What happens when people with accents try to talk to Sire, Echo, and Google home.

For most modern voice assistants, who were trained on a biased selection of voice samples, the sad truth is that they will have a harder time recognizing your commands if you are from a rural or low-income area, have a non-native English accent, or are a woman. The more of those factors that apply, the worse it gets.

You’ve probably experienced this even if you don’t fall into any of those categories. Voice assistants notoriously struggle with non-English place names or dignitaries (such as “Galileo Galilei Way” or “Xi Jinping”).

These biases are troublesome beyond temporary frustrations. They exclude massive portions of the world’s population in ways that continue to divide our society and deny people a sense of belonging. Technology causes lasting harm when it excludes underrepresented groups from opportunities - or worse, when it puts them in danger because their needs weren’t considered.

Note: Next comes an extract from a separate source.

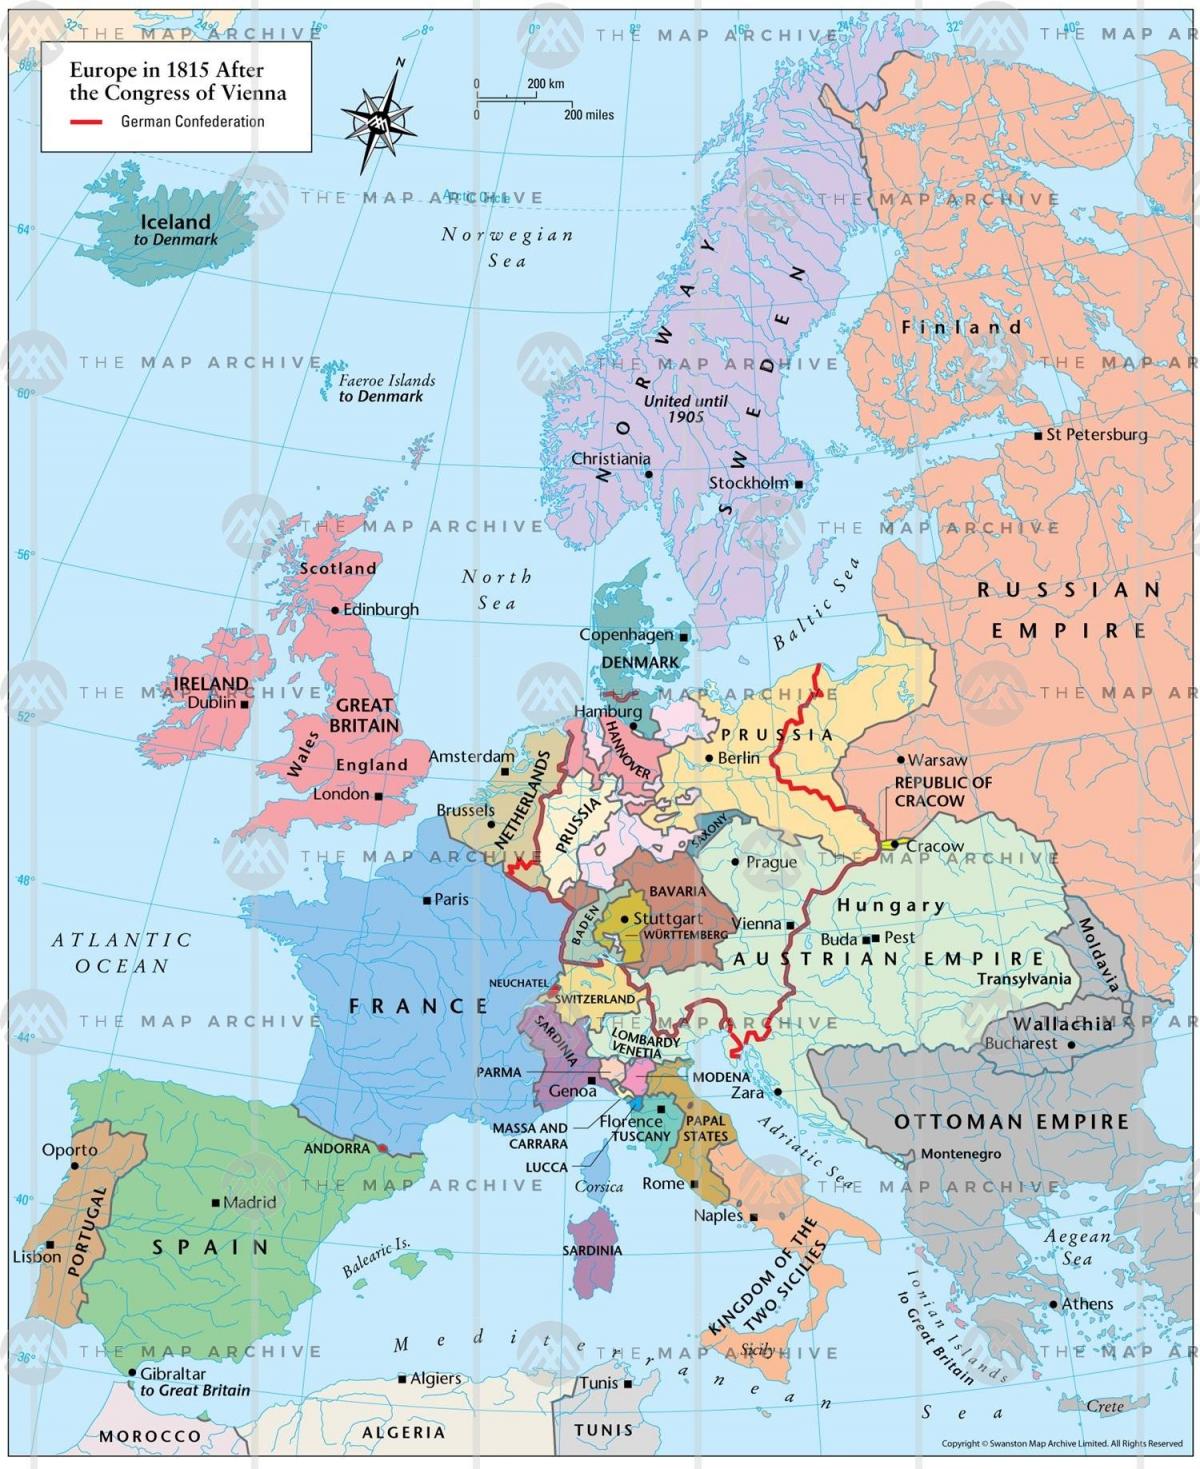 Dunaj Avstrija zemljevid evrope

As these examples show, when you’re aiming for inclusiveness in designing your product or service, ensuring access to the product is not enough.

Accessibility ≠ Inclusion

As designers, if we only focus on accessibility, we will lose a wealth of delightful connections with all sorts of users because we will fail to look beyond physical inequality and consider socioeconomic inequality, political inequality, or inequality of opportunity.

Picture of two ramps. One with stair and one for a wheelchair

The Americans with Disabilities Act of 1990 was instrumental in forcing businesses to provide reasonable accommodation to people with all sorts of impairments. However, there are plenty of cases where a designer poorly retrofitted existing architecture to meet the letter of the law. While the design shown here could technically be considered “accessible”, it’s nowhere near as inclusive as it would be if the needs of a wheelchair user had been taken into consideration when access to the upper level was originally designed.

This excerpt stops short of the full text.